调试
通常有两种方法对Scrapy项目进行调试,一种是通过scrapy.shell,另一种是通过IDE的Debug功能。这里介绍第二种。
运行环境
- 语言:python 3.6
- IDE: VS Code
- 浏览器:Chrome
scrapy shell
在命令行中输入 scrapy shell 【想要访问的页面url】
成功后会进入scrapy shell进行操作:
response.xpath(‘……’)进行测试
IDE Debug
首先在items.py同级目录下,创建run.py
run.py
coding如下:
from scrapy import cmdline
name = 'douban_book_top250'
cmd = 'scrapy crawl {0}'.format(name)
cmdline.execute(cmd.split())
其中,name为之前spider的name属性,接着在spider文件中(或者你想要的位置)设置断点。接着,在vs code中选择调试即可。程序会在断点出暂停,我们就可以查看相应内容进行调试。
抓取公司信息项目
crawlerspider
接到一个任务,爬取类似黄页的网站,抓取公司的基本信息(名称、业务类别、电话、邮件)。登录网站,查看相关的url:
发现网站关于公司信息的url基本都是…/en/profile/数字+字母的格式,受小白进阶的启发,采用crawlerspider进行爬取。crawlerspider主要是对有规则的url进行爬取,代码如下:
import re
import scrapy
from scrapy.spiders import CrawlSpider, Rule, Request
from scrapy.linkextractors import LinkExtractor
from YellowPagesCrawler.items import YellowPagesCrawlerItem
class YPCrawler(CrawlSpider):
name = 'YPCrawler'
allowed_domains = ['yellowpages.co.th']
start_urls = ['http://www.yellowpages.co.th']
rules = (
Rule(LinkExtractor(allow=(),restrict_xpaths=('//a[@href]')),
callback='parse_item',follow=True),
)
def parse_item(self,response):
if (re.search(r'^http://www.yellowpages.co.th/en/profile/\S+',response.url)):
print(response.url)
item = YellowPagesCrawlerItem()
item['CompanyURL'] = response.url
item['CompanyName'] = response.xpath('.//h2/text()').extract()[0]
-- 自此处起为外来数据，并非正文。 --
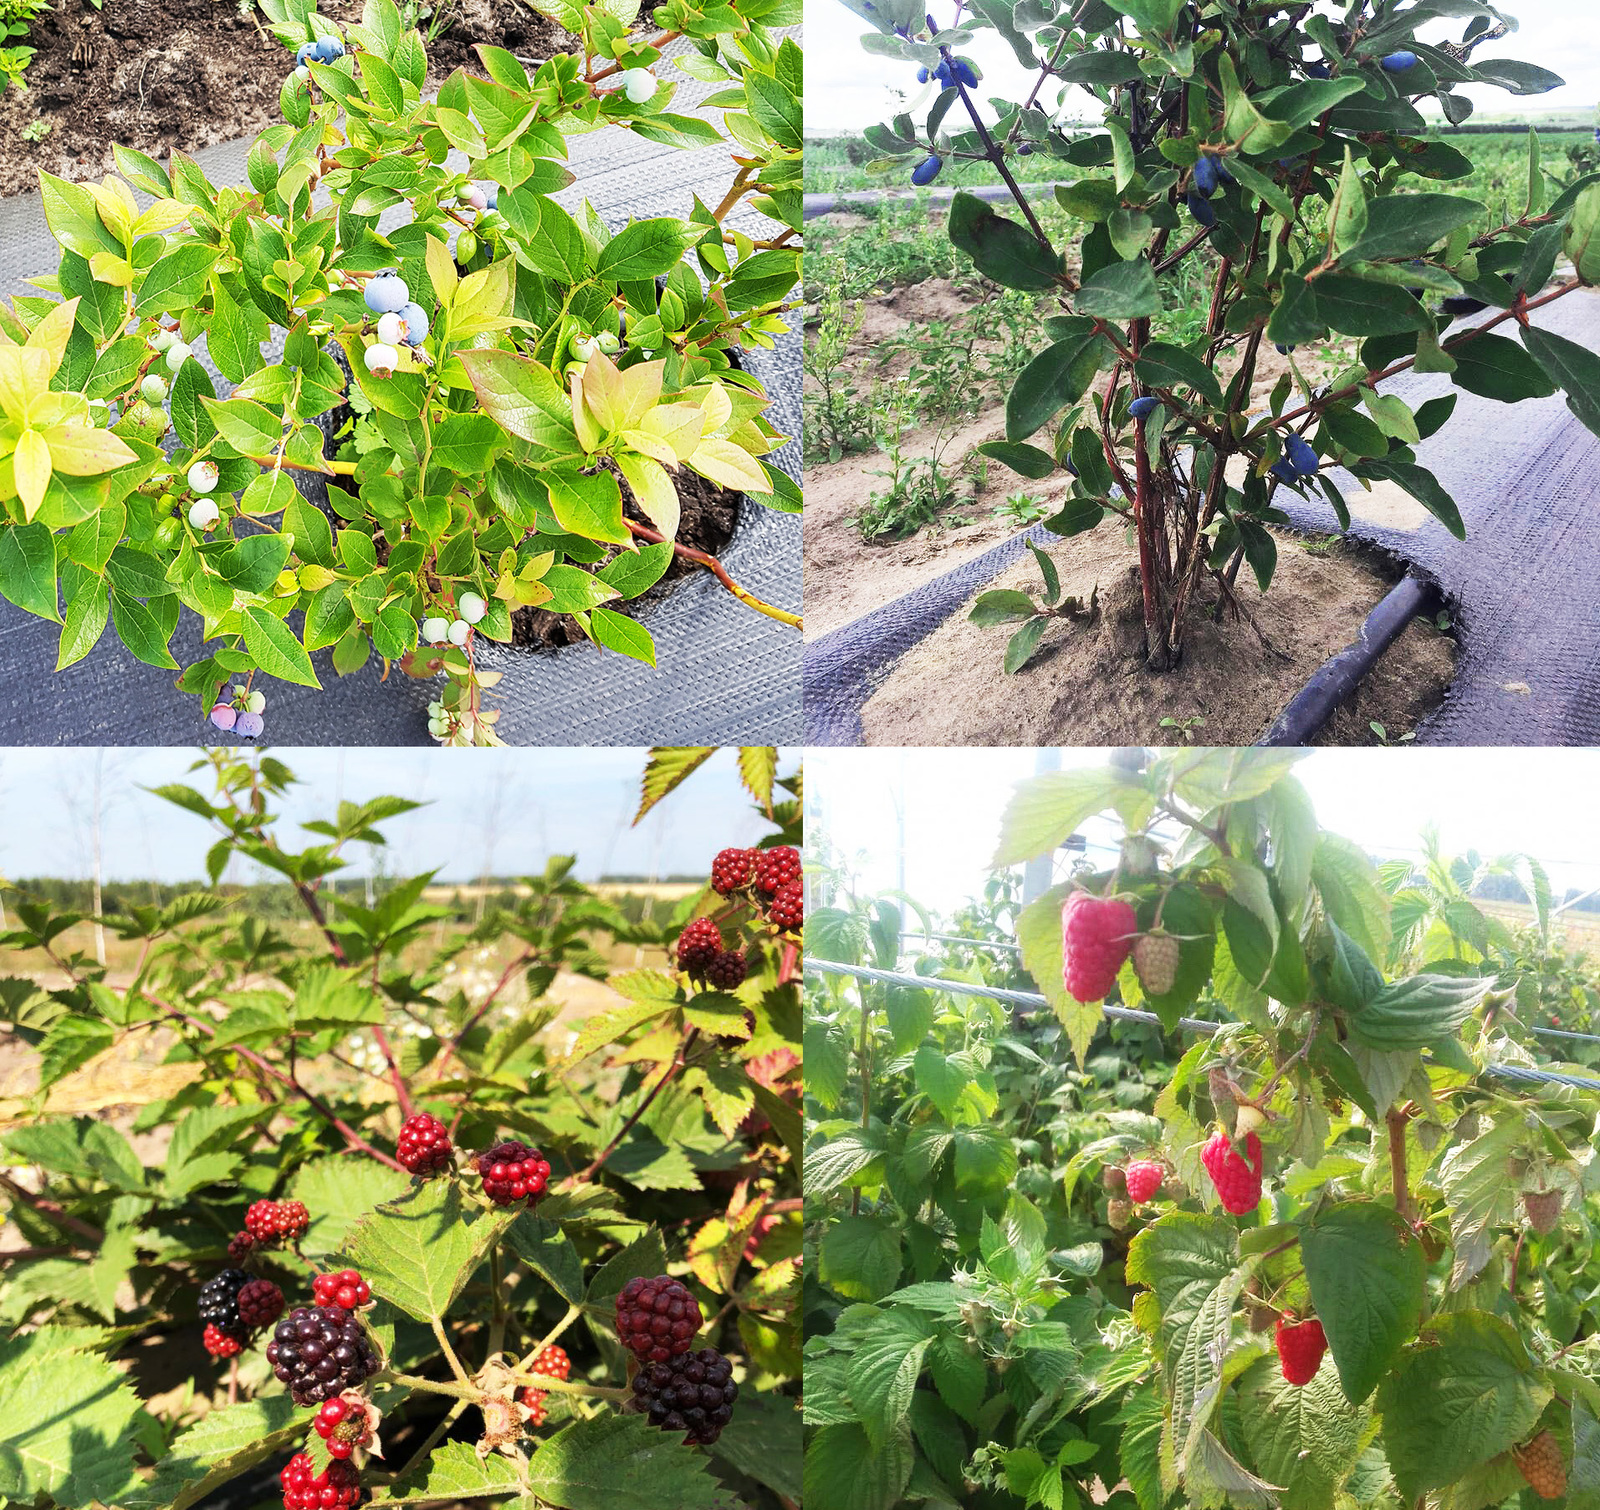 Как выращивают ягоды чтобы, урожай, материал, выращивается, необходимо, голубику, сделано, который, плодоношения, плодоносить, насаждения, можно, ягода, ягоды, вручную, самых, меньше, ягоду, только, лучшие

item['CompanyCategory'] = response.xpath('.//strong/parent::*/following-sibling::*/text()').extract()[0]
item['CompanyTel'] = ""
telnumbers = response.xpath('.//div[contains(text(),"Telephone")]/following::*[1]/a/text()').extract()
if telnumbers == []:
telnumbers = response.xpath('.//div[contains(text(),"Telephone")]/following::*[1]/text()').extract()
for tel in telnumbers:
item['CompanyTel'] = item['CompanyTel'] + tel.strip() + ' '
mail = response.xpath('.//div[contains(text(),"Email")]/following::*[1]/a/text()').extract()
if mail == []:
mail = response.xpath('.//div[contains(text(),"Email")]/following::*[1]/text()').extract()
if mail != []:
item['CompanyMail'] = mail[0].strip()
else:
item['CompanyMail'] = "no Email"
return item
else:
pass
其中,在parse_item的正则表达式原先是放在allow里的,但是这样的话,从主页进行爬取,并不会爬到相关信息,由于主页并不能直接连接到公司信息页面,即使follow=true也没有用,因为allow完之后没有符合的url,所以在allow去空,即爬取所有在allow_domain下的url。在parse_item中通过response.url对所有response里进行筛选。Rule里的参数:allow和restrict_xpaths都是对url进行筛选的,callback是指定处理response的函数,follow表示是否对抓取的url进行跟进。这里特别需要注意的是,rules是一个iterator对象,因此需要在Rule定义完之后,加上一个逗号,至关重要!!!!否则会报错。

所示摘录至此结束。